Justin Erenkrantz wrote:
-1.This breaks the abstraction between the cache providers and the filter streams. The cache providers should not be in the business of delivering content down to the next filter - that is the job of mod_cache. Following this route is completely anti-thetical to the separation between storing the cache response and delivery of the content.
The current expectation that it be possible to separate completely the storing of the cached response and the delivery of the content is broken.
We have a real world case where the cache is expected to process a many MB or many GB file completely, before sending that same response to the network. This is too slow, and takes up too much RAM, resulting in a broken response to the client.
On wednesday night I wrote a patch that solved the large file problem, while maintaining the current separation between write-to-cache and write-to-network as you assert. This mod_cache code broke up the brigade into bite sized chunks inside mod_cache before passing it to write-to-cache, then write-to-network, and so on.

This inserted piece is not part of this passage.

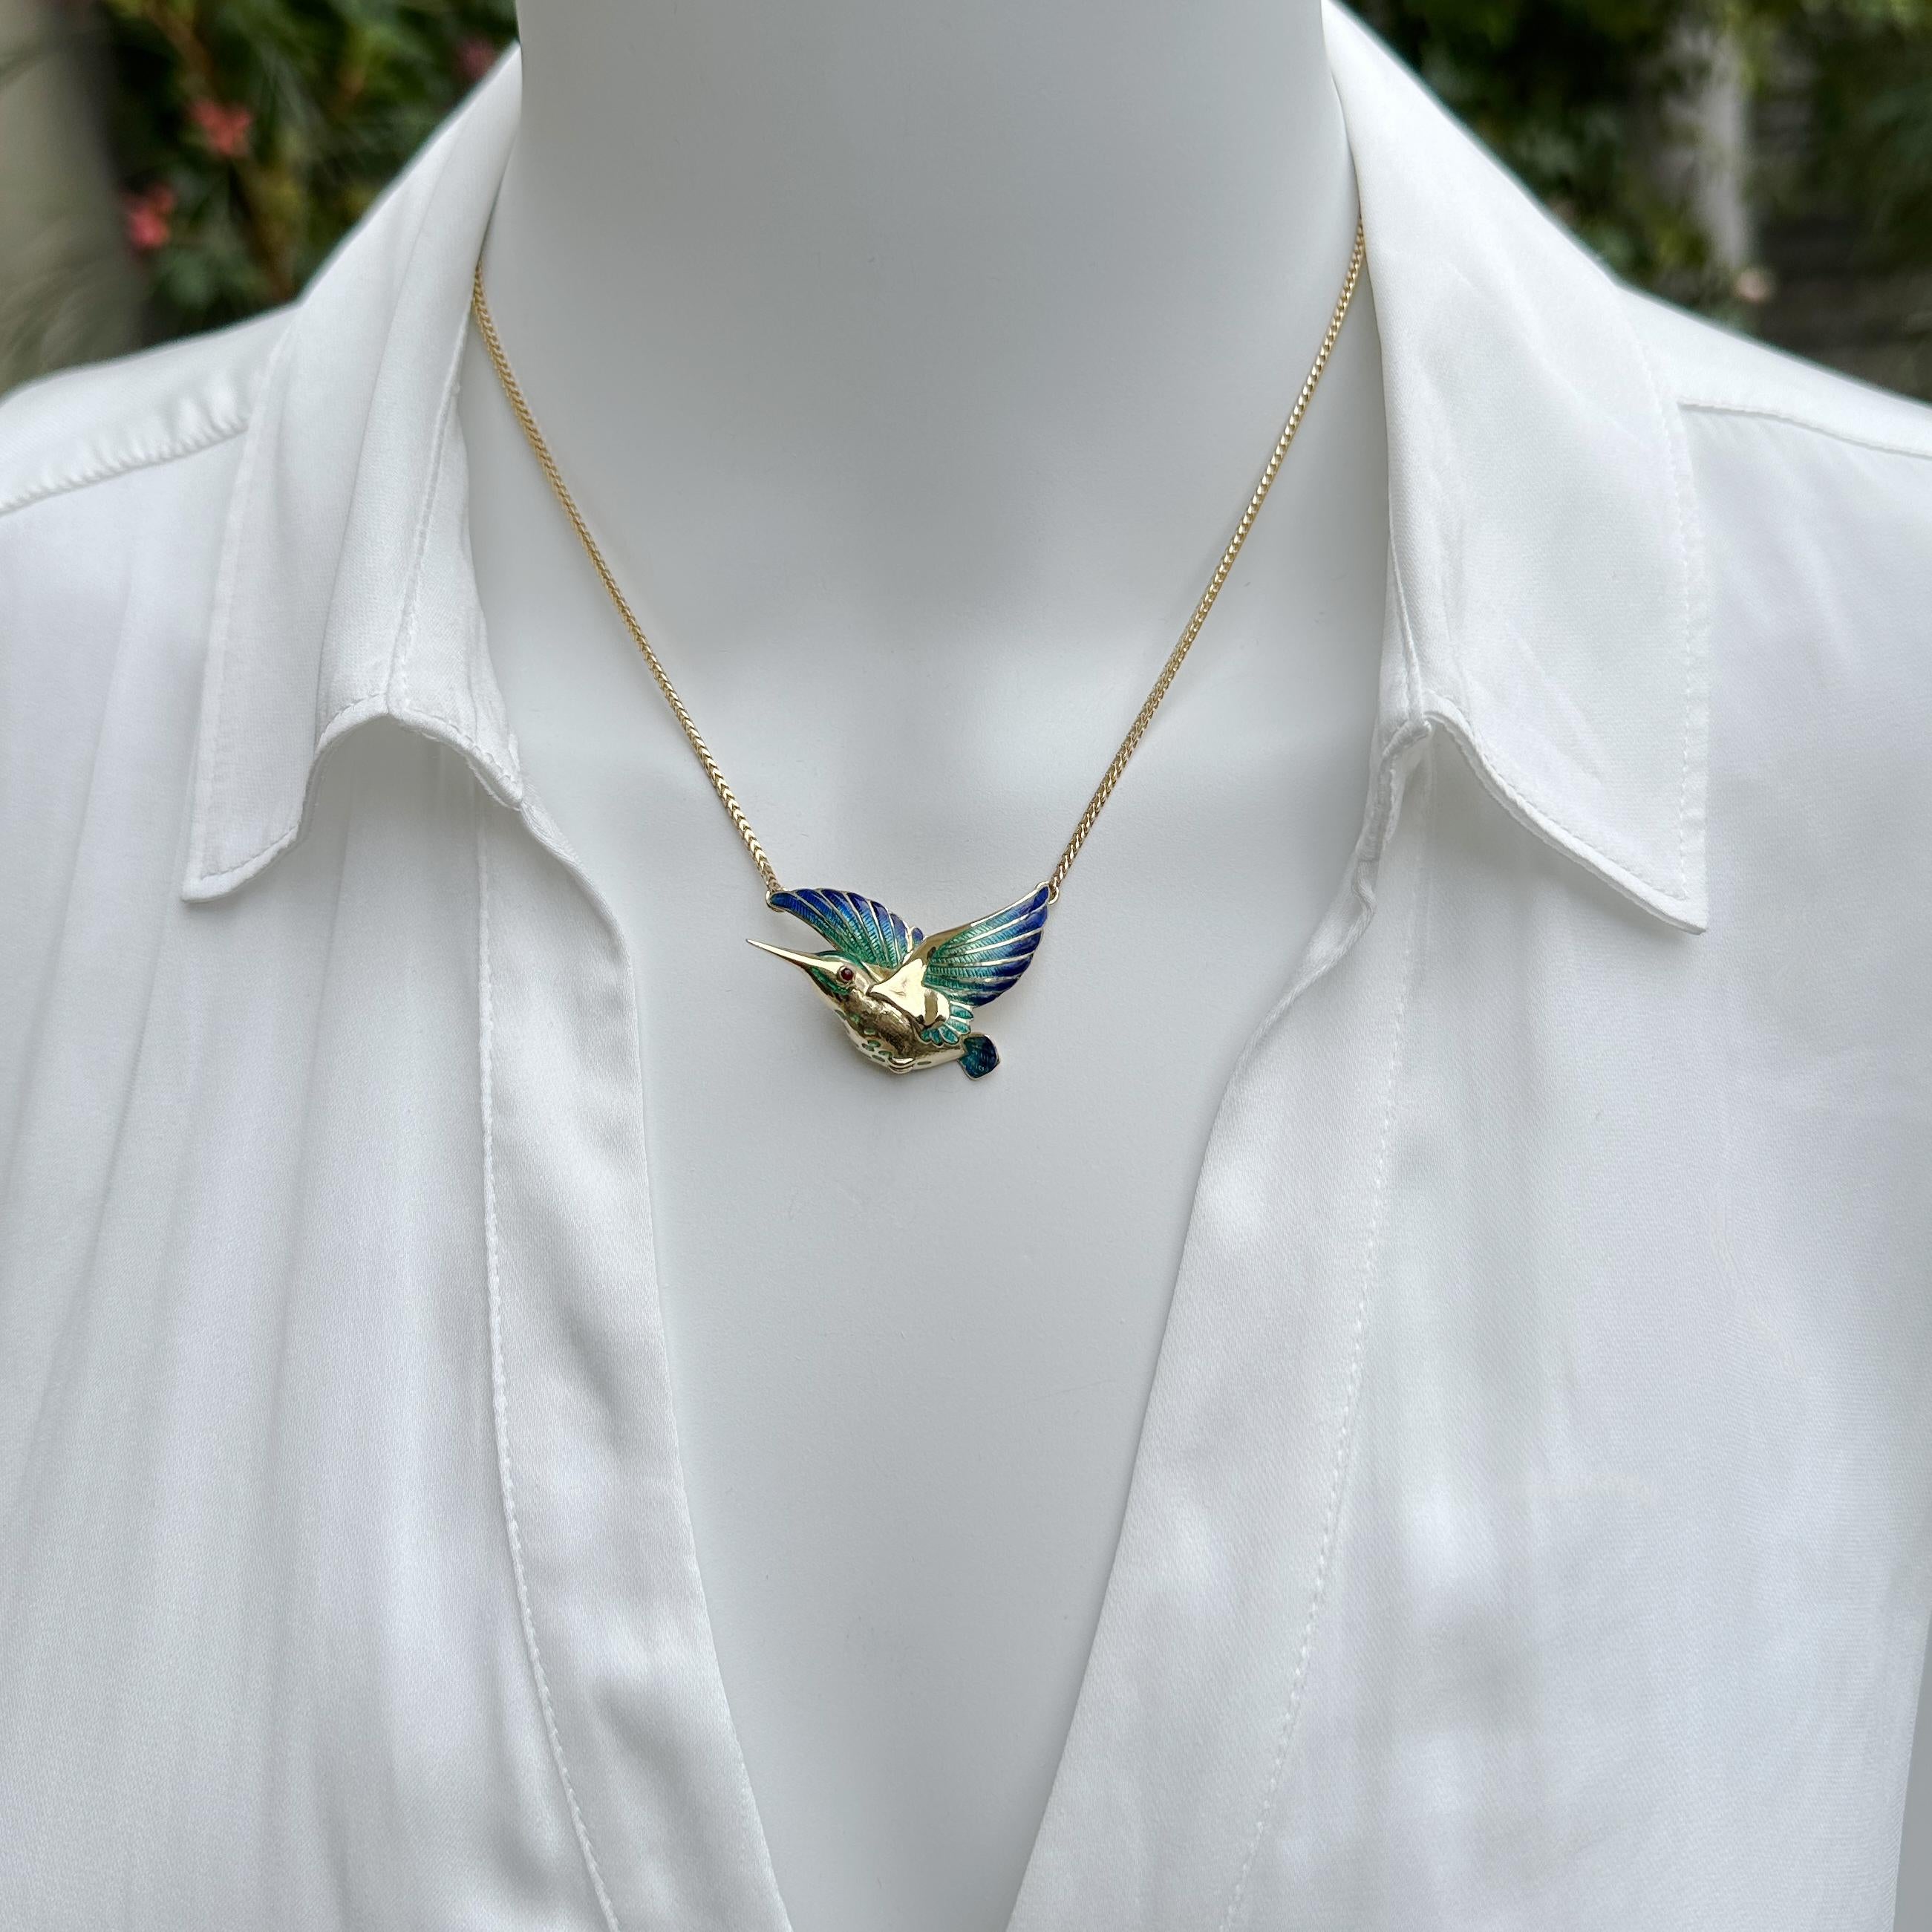 This adorable hummingbird -- about a third the size of a real hummingbird -- came to us as a bale pendant (which was, we believe a conversion from a brooch), but we converted it to a fixed pendant and added a soft, just-thick-enough franco

Joe vetoed the patch, saying that it duplicated the natural behaviour of apr_bucket_read().
The wednesday night patch was reverted, and thursday night was spent instead changing the cache_body() signature to make its own better judgement on how to handle cached files.
Now you veto this next patch, saying it breaks the abstraction.So, we have disgreement over the right way to solve the problem of the cache being expected to swallow mouthfuls too big for it to handle.
I agree with you that a design needs to be found on list first, as I have wasted enough time going round in circles coming up with solution after solution nobody is happy with.